The \texttt{fad} package, which is developed via a matrix--free likelihood method for high-dimensional maximum-likelihood factor analysis on Gaussian data, provides a highly sufficient and accurate way to estimate factor model in R compared with the traditional EM algorithm. This vignette gives a brief introduction to the functions included in \texttt{fad} with simulated examples.

\section{Factor Model}
\label{sec:factor}
Suppose $\mathbf{Y}_1,\ldots,\mathbf{Y}_n$ are $i.i.d.$ $p$-dimesional random vectors following the multivariate normal distribution $\mathcal{N}_p(\bm{\mu}, \bm{\Sigma})$, a factor model decomposes the covariance into $\bm{\Sigma} = \bm{\Lambda}\bm{\Lambda}^{\top} + \bm{\Psi}$, where $\bm{\Lambda}$ is a $p\times q$ matrix with rank $q$ that describes the amount of variance shared among the $p$ coordinates, and $\bm{\Psi}$ is a diagonal matrix with positive diagonal entries representing the unique variance specific to each coordinate.

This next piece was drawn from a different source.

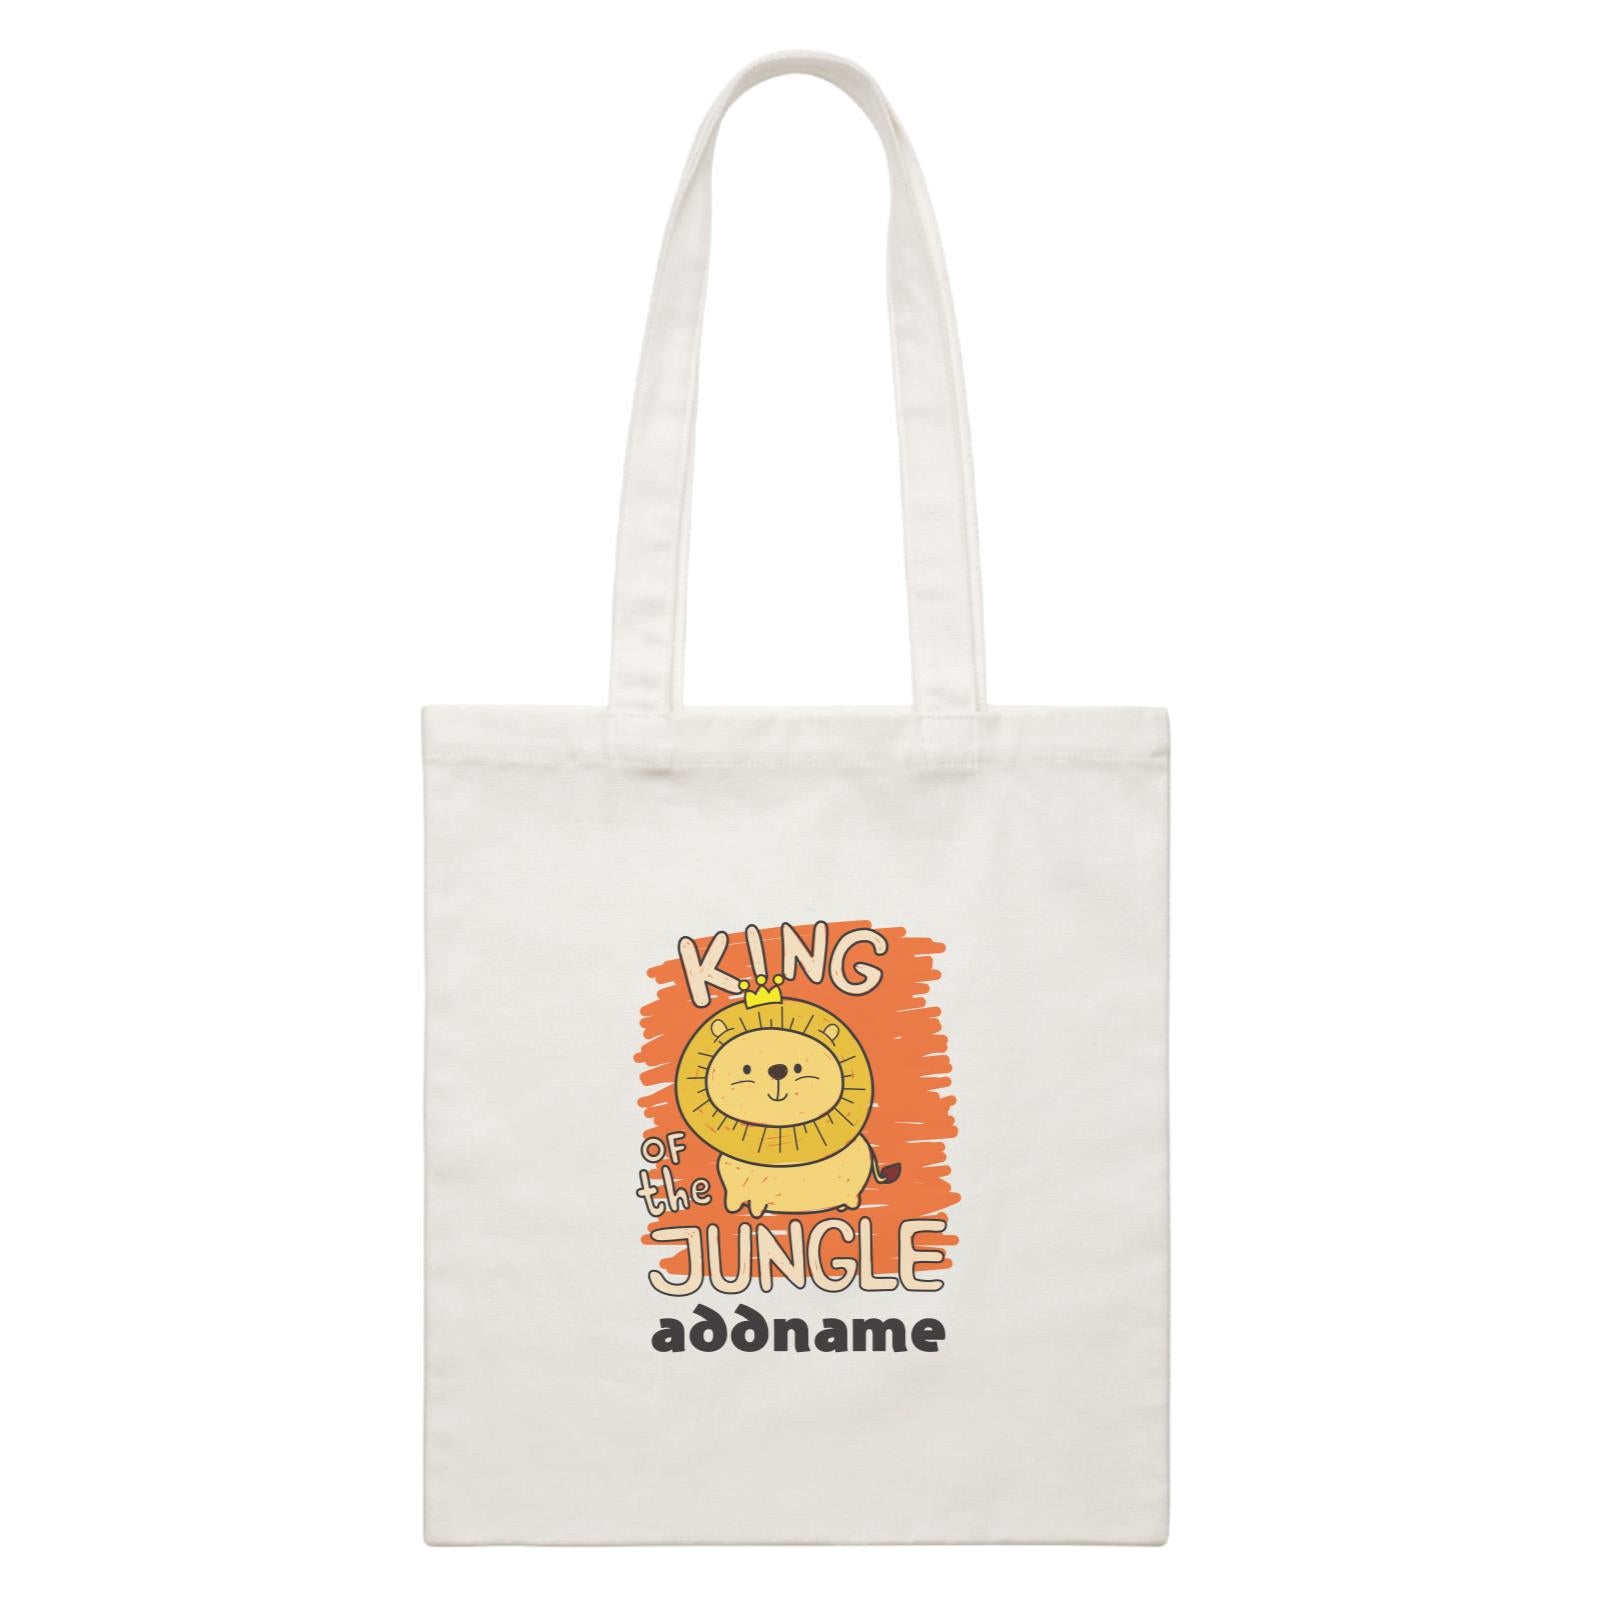 Cool Cute Animals Lion King Of The Jungle Addname White Canvas Bag

Maximum likelihood (ML) estimation for covariance are derived from the log-likelihood after profiling out $\bm\mu$,
\begin{equation}\label{eqn:loglikelihood}
\ell(\Lambda,\Psi) = -0.5\times n\{p\log(2\pi) + \log\det\Sigma +\mathrm{Tr}\{\Sigma^{-1}\mathbf{S}\}\}
\end{equation}
Where $\mathbf{Y}$ denotes the $n\times p$ data matrix and $\bar{\mathbf{Y}}$ is sample means. $\mathbf{S} = n^{-1}(\mathbf{Y} - \mathbf{1}\bar{\mathbf{Y}}^\top)^\top(\mathbf{Y} - \mathbf{1}\bar{\mathbf{Y}}^\top)$ represents the sample covariance matrix.

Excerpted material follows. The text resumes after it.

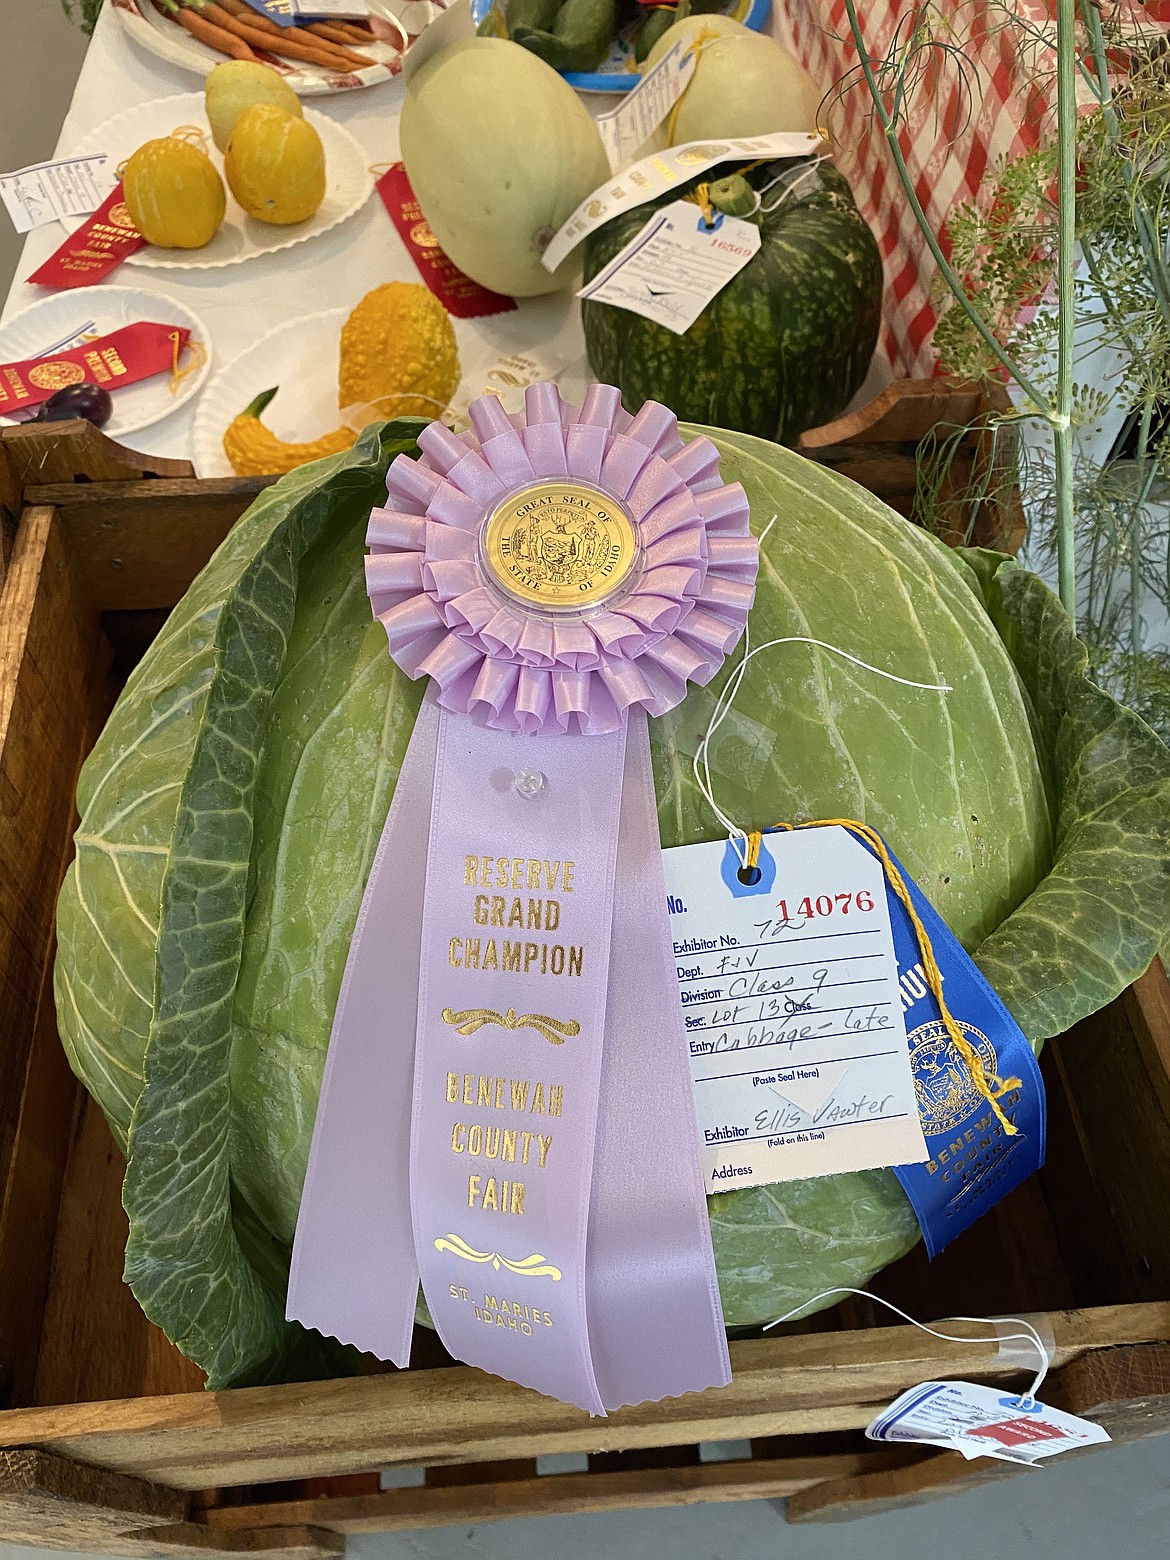 A giant cabbage won the grand champion award at the Benewah County Fair in St. Maries this weekend. (MADISON HARDY/Press)

\section{Main function in \texttt{FAD}}
\label{sec:fad}
Users can call the main \texttt{fad} function to estimate a factor model,
<<load>>=
library(fad)
@
All the available options in \texttt{fad} are shown below, followed with detailed descriptions,
<<fad-arg>>==
args(fad)
@
\begin{description}
\item[\texttt{x}:] A formula or a numeric matrix or an object that can be coerced to a numeric matrix. 
\item[\texttt{factor}:] The number of factors to be fitted.
\item[\texttt{data}:] An optional data frame (or similar: see model.frame), used only if x is a formula. By default the variables are taken from environment(formula).
\item[\texttt{covmat}:] A covariance matrix, or a covariance list as returned by cov.wt. Of course, correlation matrices are covariance matrices. 
\item[\texttt{n.obs}:] The number of observations, used if covmat is a covariance matrix. 
\item[\texttt{subset}:] A specification of the cases to be used, if x is used as a matrix or formula. 
\item[\texttt{na.action}:] The na.action to be used if x is used as a formula. 
\item[\texttt{start}:] NULL or a matrix of starting values, each column giving an initial set of uniquenesses.
\item[\texttt{score}:] Type of scores to produce, if any. The default is none, "regression" gives Thompson's scores, "Bartlett" given Bartlett's weighted least-squares scores. Partial matching allows these names to be abbreviated. Also note that some of the scores-types are not applicable when p > n.
\item[\texttt{rotation}:] character. "none" or the name of a function to be used to rotate the factors: it will be called with first argument the loadings matrix, and should return a list with component loadings giving the rotated loadings, or just the rotated loadings. The options included in the package are: varimax, promax, quartimax, equamax with default to varimax.
\item[\texttt{control}:] A list of control values:\\
nstart\\
The number of starting values to be tried if start = NULL. Default 1.\\
trace\\
logical. Output tracing information? Default FALSE.\\
opt\\
A list of control values to be passed to optim's control argument.\\
rotate\\
a list of additional arguments for the rotation function.
\item[\texttt{lower}:] The lower bound for uniquenesses during optimization. Should be > 0. Default 0.005. 
\item[\texttt{$\cdots$}:] Components of control can also be supplied as named arguments to fad. 
\end{description}

In \texttt{fad}, only initialization of $\bm{\Psi}$ is required and is specified through the \texttt{start} term which defaults to one minus the diagonal entries of $\bm{\tilde\Lambda}\bm{\tilde\Lambda}^{\top}$ where $\tilde\Lambda$ is computed as the first $q$ principal components (PCs) for the scaled data matrix. 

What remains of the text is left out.